I refer to this answer for background information on the $\chi^2$ test for contingency tables Chi-Square-Test: Why is the chi-squared test a one-tailed test?.
The test statistic is $X^2 = \sum_{i,j}\frac{(o_{ij}-e_{ij})^2}{e_{ij}}$,
in your case the $o_{ij}$ are the elements of your matrices $d1,d2,d3$. $e_{ij}=p_{i*} p_{*j} N$ where $p_{i*}$ and $p_{*j}$ are the (estimates of) the marginal probabeilities and $N=\sum_{i,j} o_{ij}$.
If we multiply $o_{ij}$ by a constant factor $k$ then we get $o_{ij}^{(n)}=k \cdot o_{ij}$. It is easy to show that $e_{ij}^{(n)}=k \cdot e_{ij}$, therefore
${X^{(n)}}^2 = \sum_{i,j}\frac{(o_{ij}^{(n)}-e_{ij}^{(n)})^2}{e_{ij}^{(n)}}=\frac{k^2}{k} X^2=k\cdot X^2$.
In other words after you multiply your matrix $d1$ with a constant, the test statistic $X^2$ is multiplied by the same constant ${X^{(n)}}^2 =kX^2$. This is what you see in R when you use the option correct=FALSE
in chisq.test
(no continuity correction, because the above formula is for the $\chi^2$ test without continuity correction):
# for d1 X2=267.8571
chisq.test(d1, correct=FALSE)
# for d1/50 X2=267.8571 /50
d2 = d1/50
d2
chisq.test(d2, correct=FALSE)
So the test statistic ${X^{(n)}}^2$ changes (is multiplied by $k$) , but the degrees of freedom of the test $(r-1)(c-1)=2$ (r is the number of rows, c the number of columns) has remained the same and therefore the p-value changes.

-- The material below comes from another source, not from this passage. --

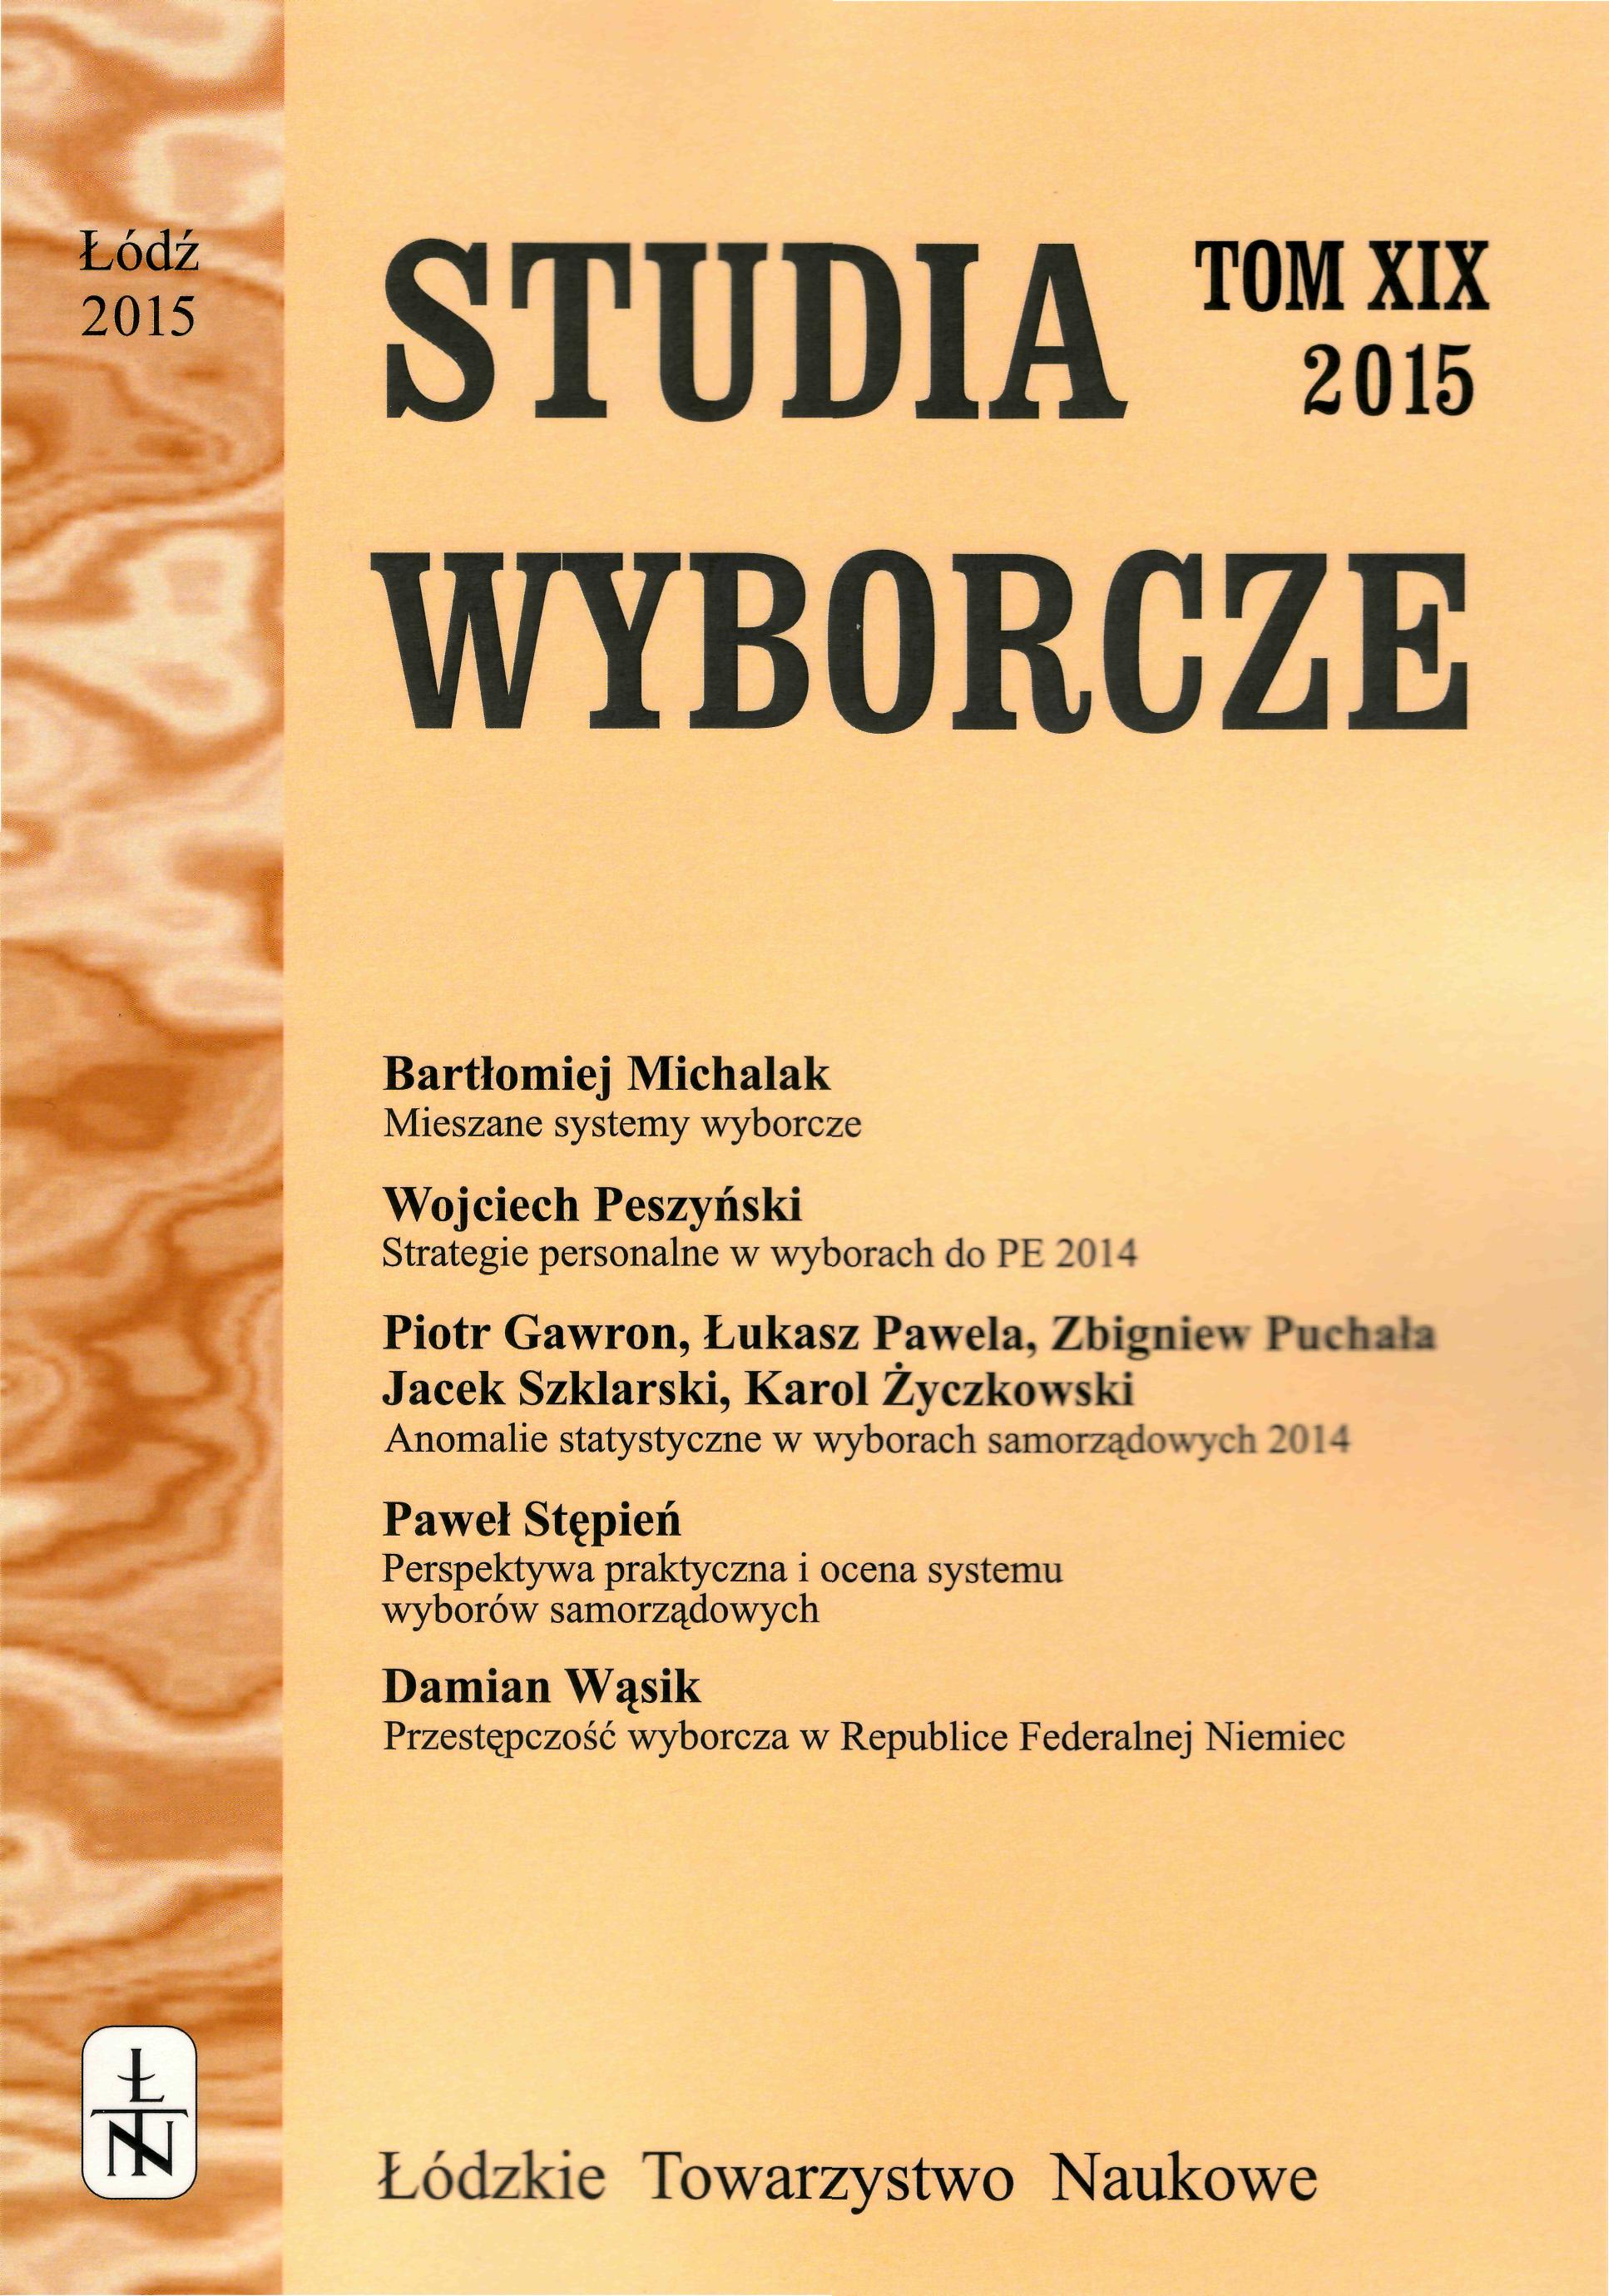 Controversies over the shape of Polish electoral administration Cover Image
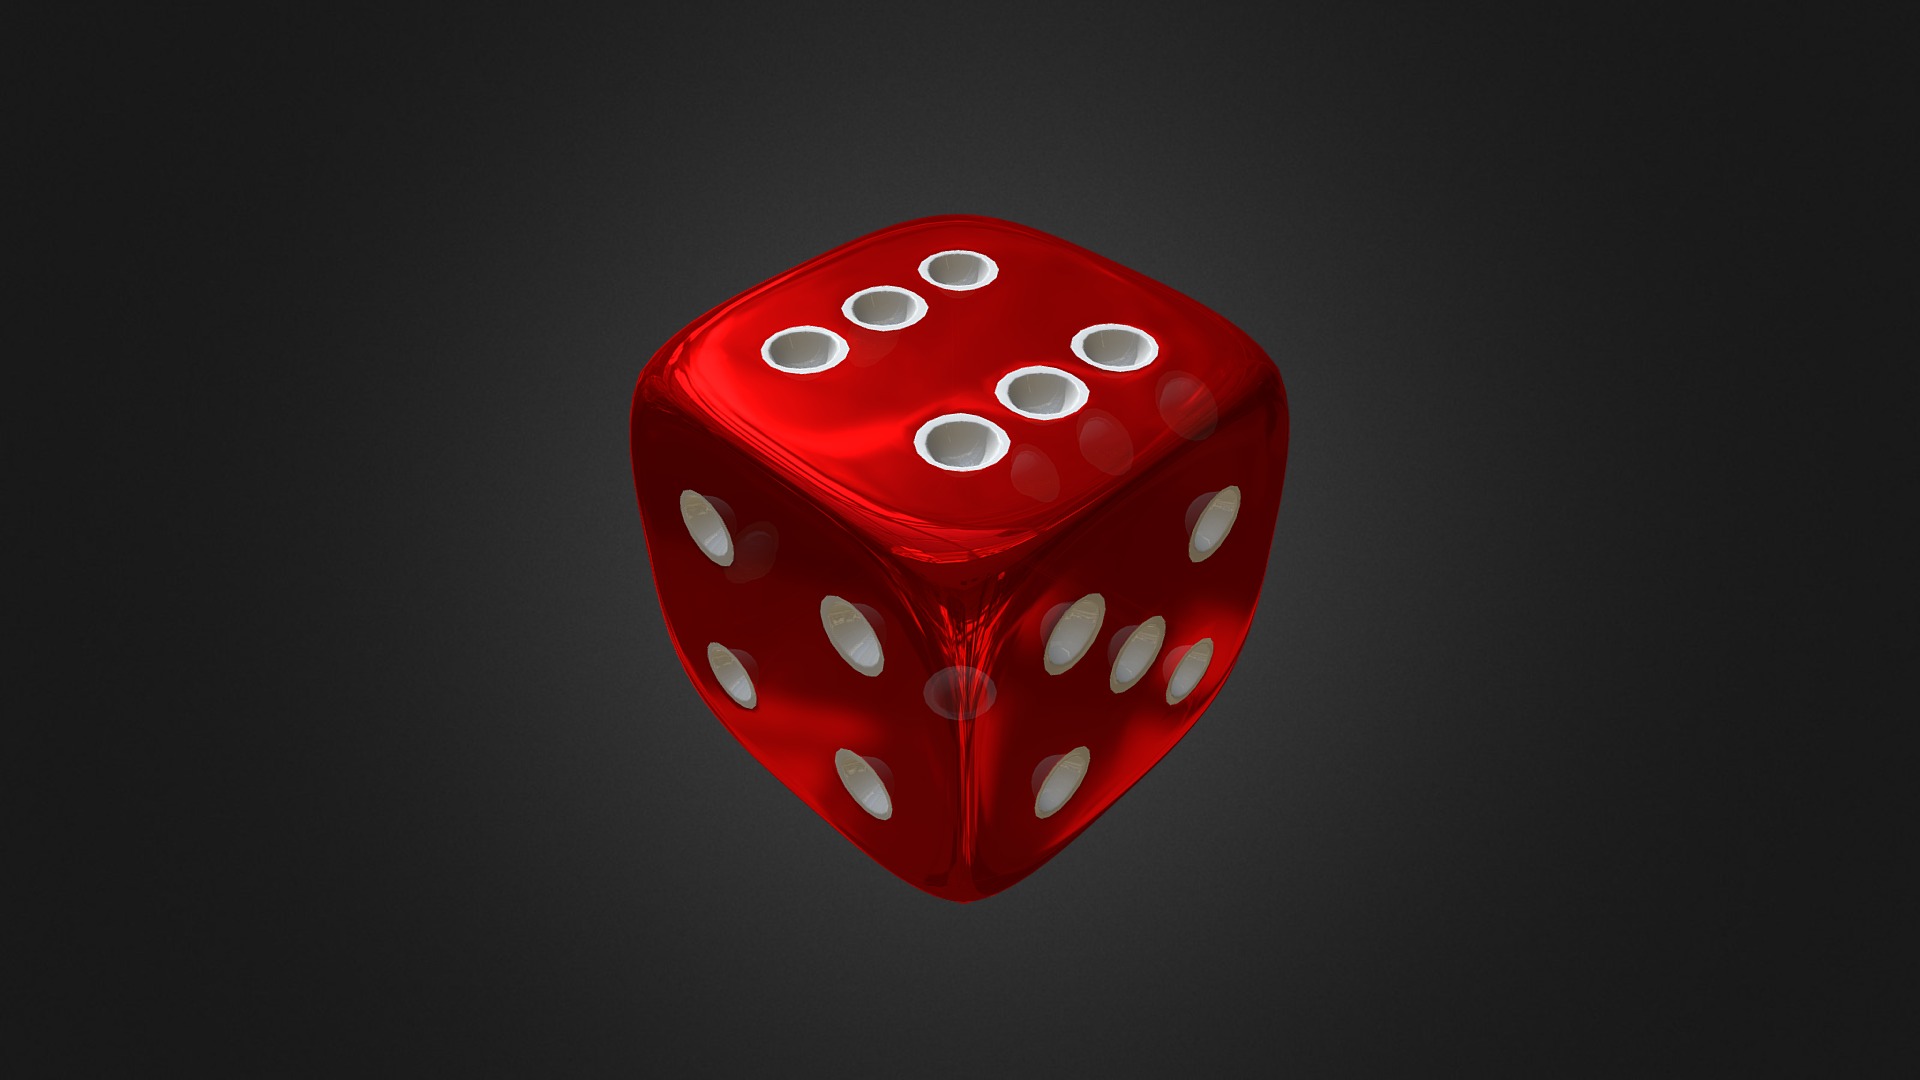 3D model Dice - This is a 3D model of the Dice. The 3D model is about a red dice with white dots.

Is that normal ? Well what you do when you multiply the table with a factor $k$ is 'simulating' a change in sample size, and as the sample size increases, the results will become more significant:
#significant at 1pct level
chisq.test(d1, correct=FALSE)
#smaller sample size, insignificant at 1pct level
d<-d1/50
chisq.test(d, correct=FALSE)
# even worse, some cells have expected counts below 5 if sample too small and then problems with $\chi^$ approximation
d<-d1/100
chisq.test(d, correct=FALSE)
By the above, the answer to your second question is "yes".
For the first question I point to the hypothesis that is tested in the $\chi^2$ test for contingency tables: $H_0: \text{ the row-variable is independent of the column variable }$ versus $H_1: \text{ the row-variable is dependent of the column variable }$.
I refer to the answer What follows if we fail to reject the null hypothesis?, to illustrate that 'statitistical evidence' can only be found for $H_1$, so to answer your first question, with the $\chi^2$ test you can find statitistical evidence that the row variable and the column variable are dependent (when you reject $H_0$) however, if you can not reject $H_0$ then you have to conclude that 'there is no evidence that they are dependent so we accept the assumption that they are independent'. So you can not 'detect' that there is 'no association'.
In your comments you say that $H_0$ is rejected (for $d1$) although there was no difference between type 2 and type 3. However, $\chi^2$ tests whether the row variable and the column variable are dependent. 'Type 2' and 'Type 3' are values that can be taken by the column variable.
So with the $\chi^2$ test based on your table $d1$ you conclude that the 'yes/no' answer depends on the variable 'type'. To find differences for the different values of the variable 'type' you will have to analyse the terms of $X^2$ namely $\frac{(o_{ij}-e_{ij})^2}{e_{ij}}$ or if you want the sign of 'deviation' then $\frac{(o_{ij}-e_{ij})}{\sqrt{e_{ij}}}$.
If you are sure that there is no difference between 'type 2' and 'type 3' then you can, or you should, work with a $2 \times 2$ table where the last two columns of $d1$ are aggregated.